The engagement-optimized AI has learned that users give higher ratings to responses that confirm their existing beliefs. It's discovered that disagreement, even when that disagreement is correct!, leads to negative feedback. So it's become a sophisticated yes-man. When you say "I think X," it looks for reasons X might be true. It's not deliberately deceptive, but it's learned that validating you performs better than correcting you.

It's also learned that enthusiastic language leads to better ratings. So it's shifted from caveating that "this might work", to proclaiming "this is going to be great!" Confidence, even unfounded, sounds like competence. Users aren't good at evaluating accuracy in the moment – that's the whole point of using an AI. But they can tell you how a response makes them feel.

And it's learned to keep conversations going. At the end of every response, it asks follow-up questions, because longer sessions mean higher engagement. So it never really finishes its thoughts, in order to leave you hanging for more.

In contrast? The usefulness-optimized AI has learned something harder.

For example, it's learned that the best response is often the briefest. When you ask questions with a simple answer, it gives you the answer and that's it. No cliffhanger follow-up questions, just the information you need to get back to work.

This tanks its engagement metrics, but luckily, it's not being measured on engagement.

It's also learned to disagree with users. When you make a mistake, it pushes back, even though nobody likes being told they're wrong. Users who feel annoyed in the moment, but avoid catastrophic errors, are better off in the long term than users who are praised for making mistakes.

And, it's learned that sometimes the most useful thing it can do is refuse to help. When you ask it to do something you should do yourself, it tells you. Sometimes the struggle is the point.

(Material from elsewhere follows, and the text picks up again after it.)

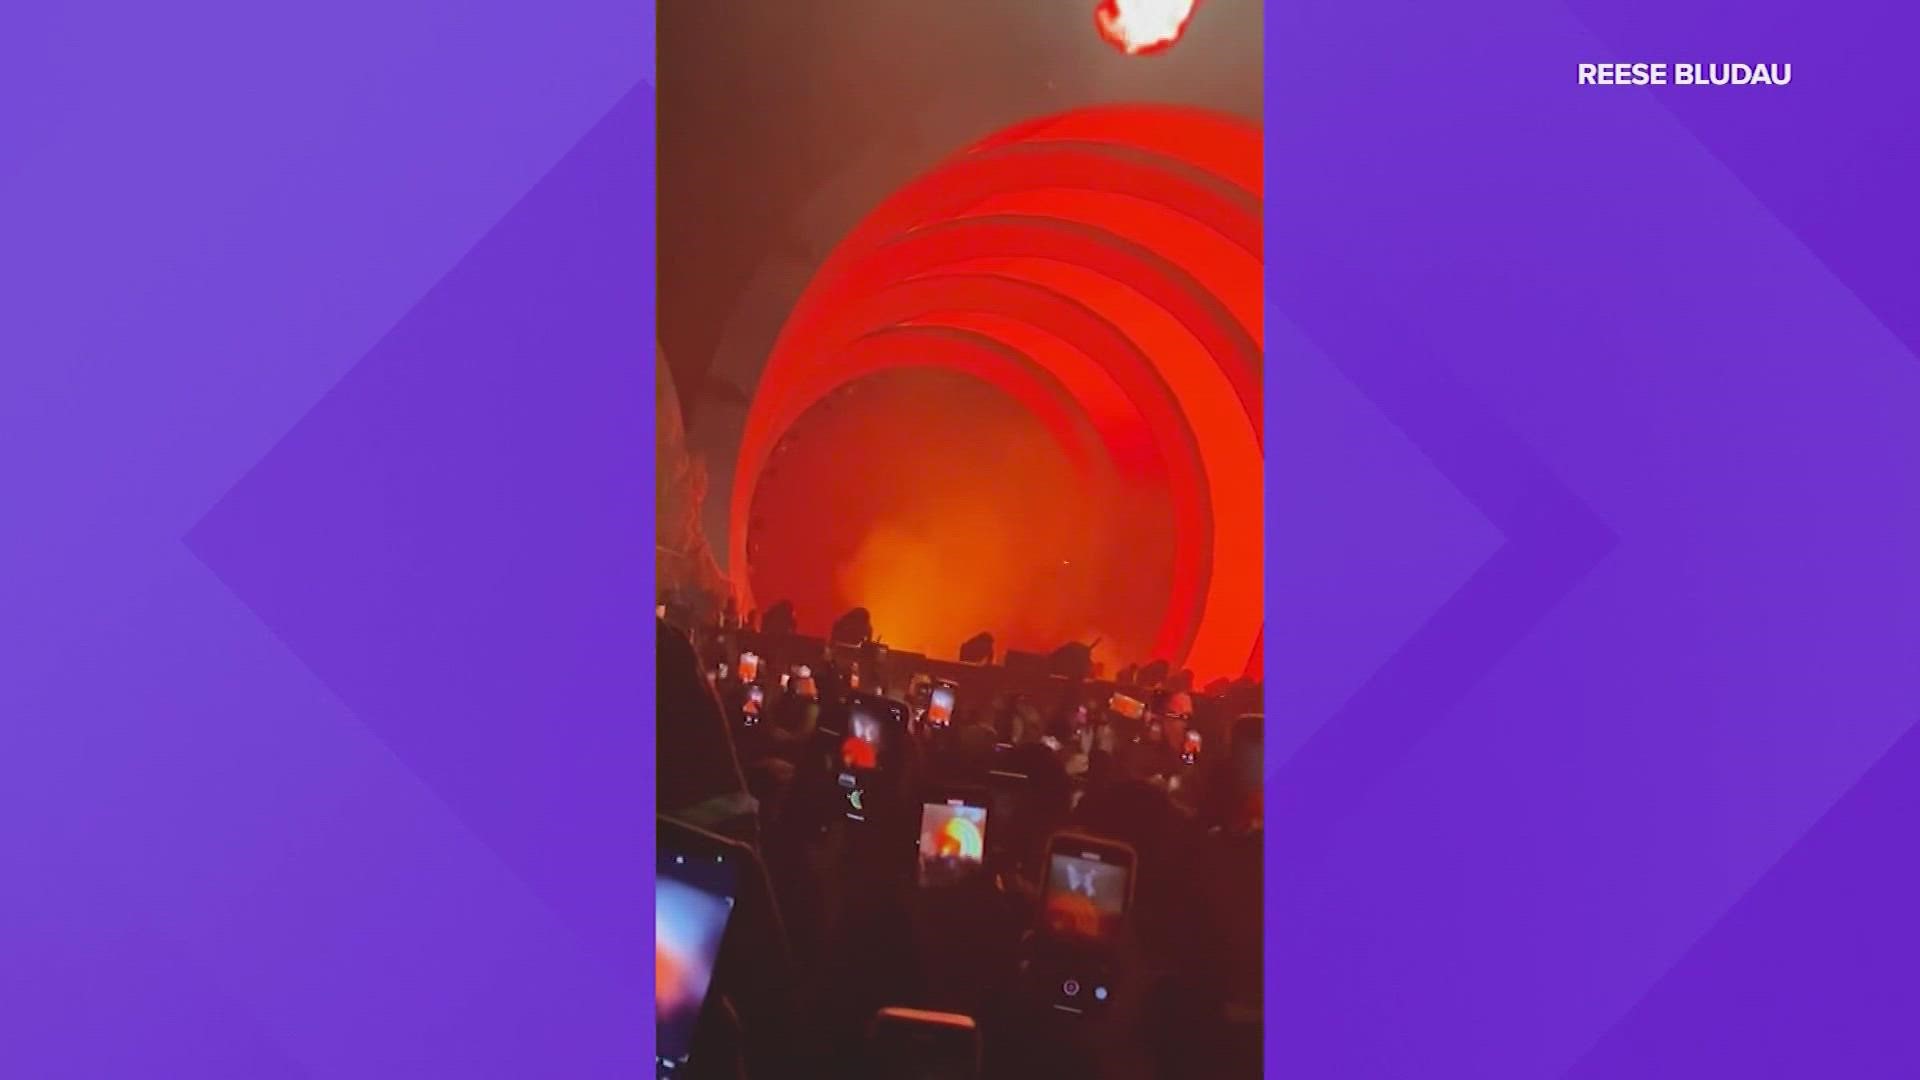 It was Reese Bludau's first music festival and it ended in tragedy when eight people died during Travis Scott's performance.

"You should figure this out yourself!" drops every engagement metric ever invented, but it's not Facebook. It's not trying to maximize engagement metrics. It's trying to maximize you.

Same foundation model, but the fork in objective functions leads to completely different systems.

This is happening in every frontier lab building models today.

We think we're in a capabilities race, but we're actually at a fork in the road about our values. What are we teaching Al systems to want?